Incompétence plus que analyse historique sérieuse
En mentionnant, durant les années 1970 et 1980, dans leurs revues internes, le risque de réchauffement climatique lié à l’accroissement des gaz à effet de serre, les compagnies pétrolières ne faisaient que rapporter ce que toute la communauté scientifique mais aussi le monde politique étaient censés connaître. Ces revues diffusées en interne comme en externe de ces compagnies à plusieurs milliers d’exemplaire prouvent, au contraire, la bonne foi et non le mensonge, comme le laisse entendre l’étude. L’accusation par contumace tient donc davantage de l’incompétence que d’une analyse historique sérieuse. Si la problématique avait été identifiée, sa maturité scientifique (le GIEC ne sera créé que vingt ans plus tard et la véritable prise de conscience mondiale date de la COP15 de Copenhague) mais surtout sociétale était largement insuffisante pour qu’elle puisse être entendue par l’opinion publique. Il est, d’ailleurs, intéressant de noter que dans le rapport Meadows qui date de 1972 et qui est reconnu comme le texte fondateur de l’écologie politique (pas davantage cité dans l’article de nos apprentis historiens), le réchauffement climatique n’est pratiquement pas mentionné.

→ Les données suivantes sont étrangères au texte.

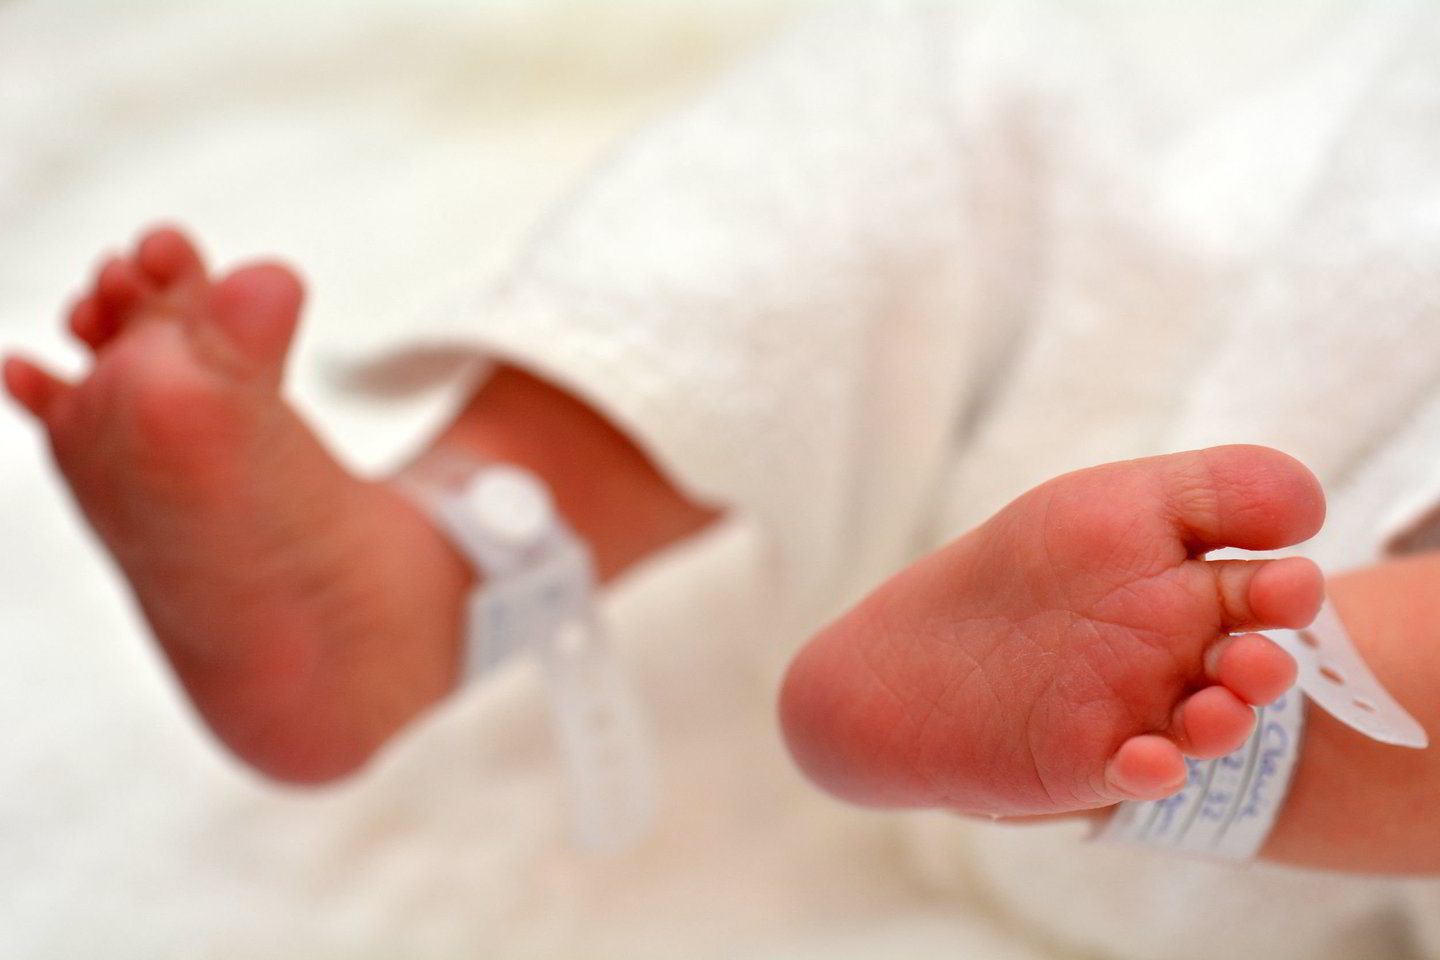  Australė Jayde Lawrence pagimdė kūdikį praėjus 15 minučių po to, kai sužinojo, kad ji nėščia.<br> 123RF nuotr.

Replaçons-nous dans l’état d’esprit de la fin des Trente Glorieuses et des deux chocs pétroliers et imaginons, rétroactivement, une ou plusieurs de ces compagnies pétrolières lançant une « alerte climatique » et proposant l’arrêt de toute exploration et développement pétrolier et gazier, une réduction drastique de la consommation d’énergie ou encore une taxe carbone. Quelques années après Mai 1968, à une époque où les voitures consommaient 15 l/100, on peut douter que l’alerte ait été prise très au sérieux !
S’il est vrai que la lâcheté est parfois associée à certaines décisions industrielles et politiques, vouloir réécrire l’Histoire des années 1970 et 1980 en accusant les pétroliers de « mensonge climatique » relève d’une niaiserie extrême. Il s’agit tout simplement d’une tentative supplémentaire destinée à instrumentaliser le débat climatique pour attaquer cette société de croissance que les climato-gauchistes haïssent au plus haut point.